Manual Tracing Setup

For more control, explicitly enable tracing:
from agentor import Agentor

agent = Agentor(
    name="Production Agent",
    model="gpt-5-mini",
    enable_tracing=True  # Explicitly enable
)
Disable automatic tracing:
import os

# Disable even with CELESTO_API_KEY set
os.environ["CELESTO_DISABLE_AUTO_TRACING"] = "true"

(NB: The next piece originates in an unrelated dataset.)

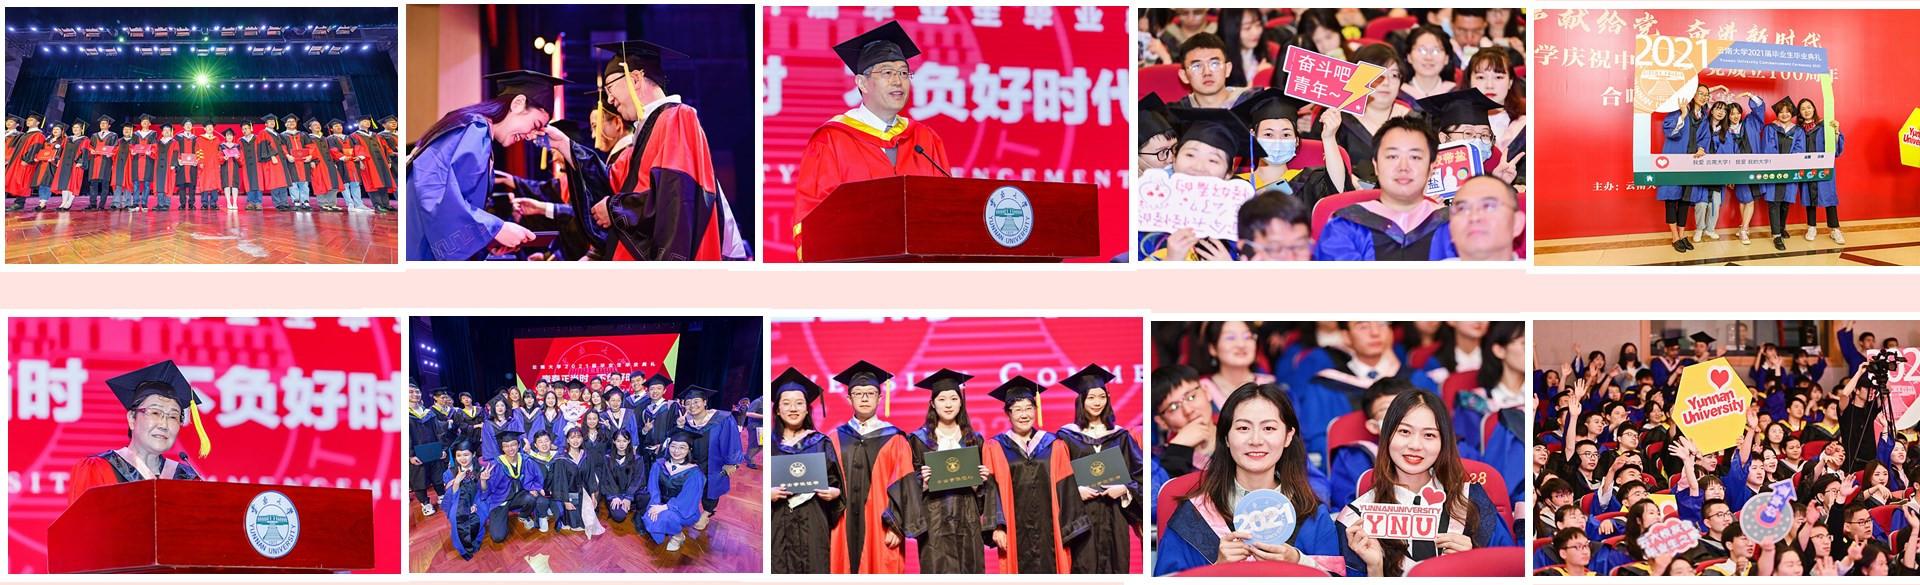 YNU holds 2021 graduation ceremony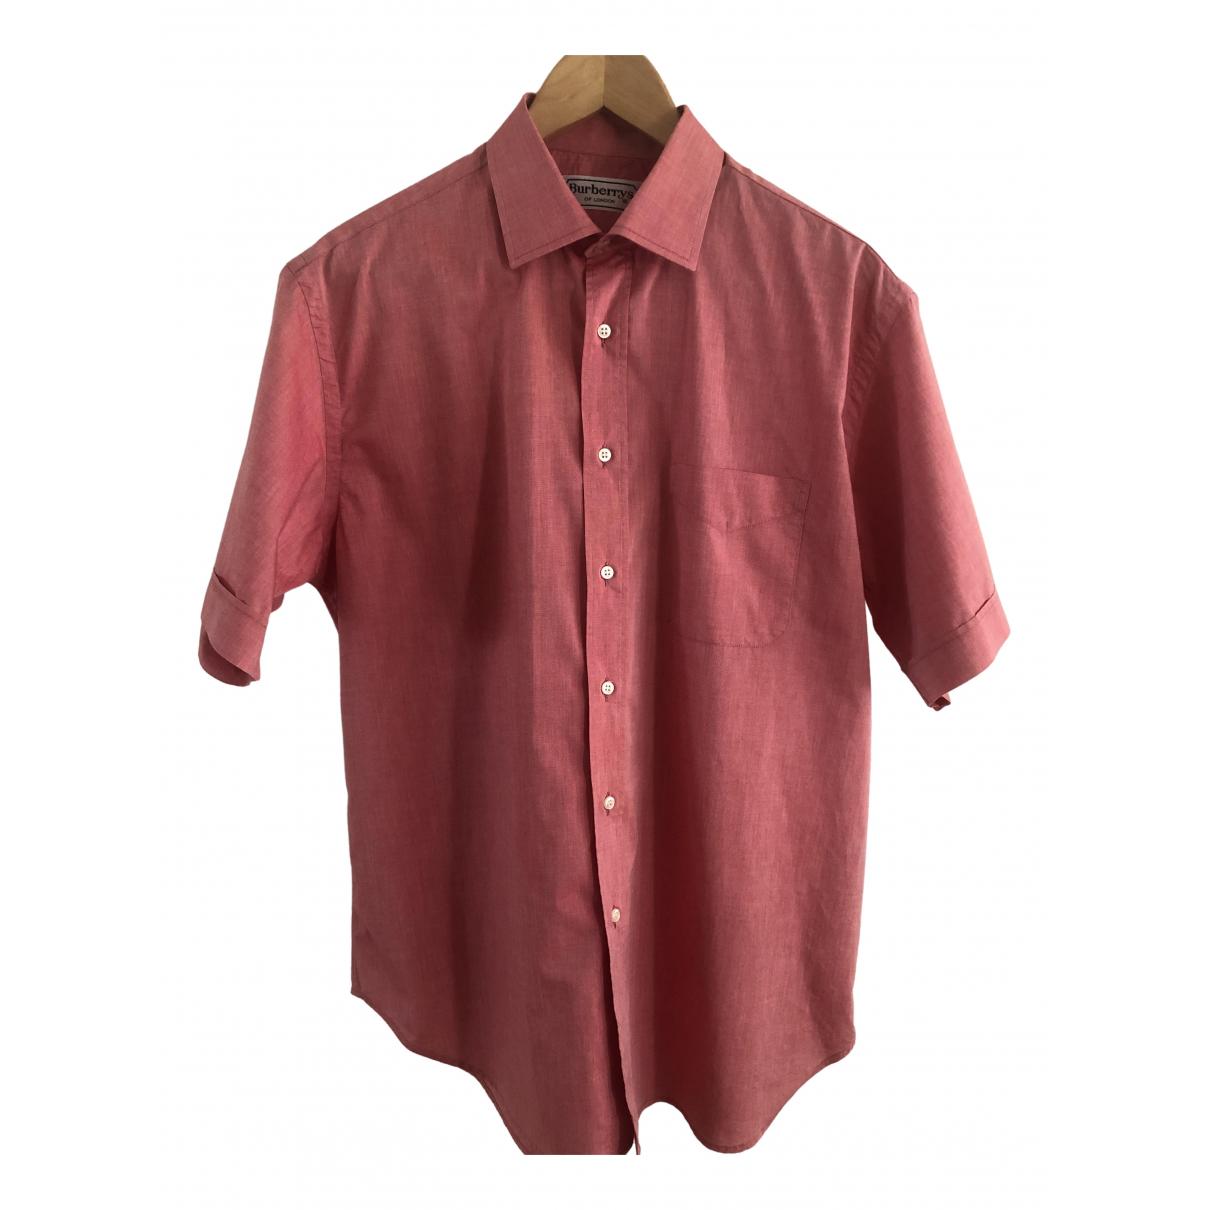 Burberry \N Cotton Shirts for Men 16 UK - US (tour de cou / collar)

agent = Agentor(name="Agent", model="gpt-5-mini")
# No automatic tracing

Custom Tracing

For advanced use cases, configure tracing manually:
from agentor.tracer import setup_celesto_tracing, get_run_config
from agentor import Agentor
from agents import Runner
import os

# Setup tracing
processor = setup_celesto_tracing(
    endpoint="https://api.celesto.ai/traces/ingest",
    token=os.environ.get("CELESTO_API_KEY"),
    batch_delay=1.0,        # Seconds before flushing batch
    max_batch_size=256,     # Max traces per batch
    replace_default=True    # Replace OpenAI's default tracing
)

# Create agent
agent = Agentor(name="Agent", model="gpt-5-mini")

# Run with custom config
result = await Runner.run(
    agent.agent,
    "Your query",
    context=get_run_config(
        group_id="session-123",  # Group related traces
        metadata={               # Custom metadata
            "user_id": "user-456",
            "environment": "production"
        }
    )
)

# Ensure traces are sent before exit
processor.force_flush()
processor.shutdown()

Grouping Traces

Group related operations (conversations, sessions):
from agentor.tracer import get_run_config
from agents import Runner
import uuid

# Create a session ID
session_id = str(uuid.uuid4())

agent = Agentor(name="Agent", model="gpt-5-mini")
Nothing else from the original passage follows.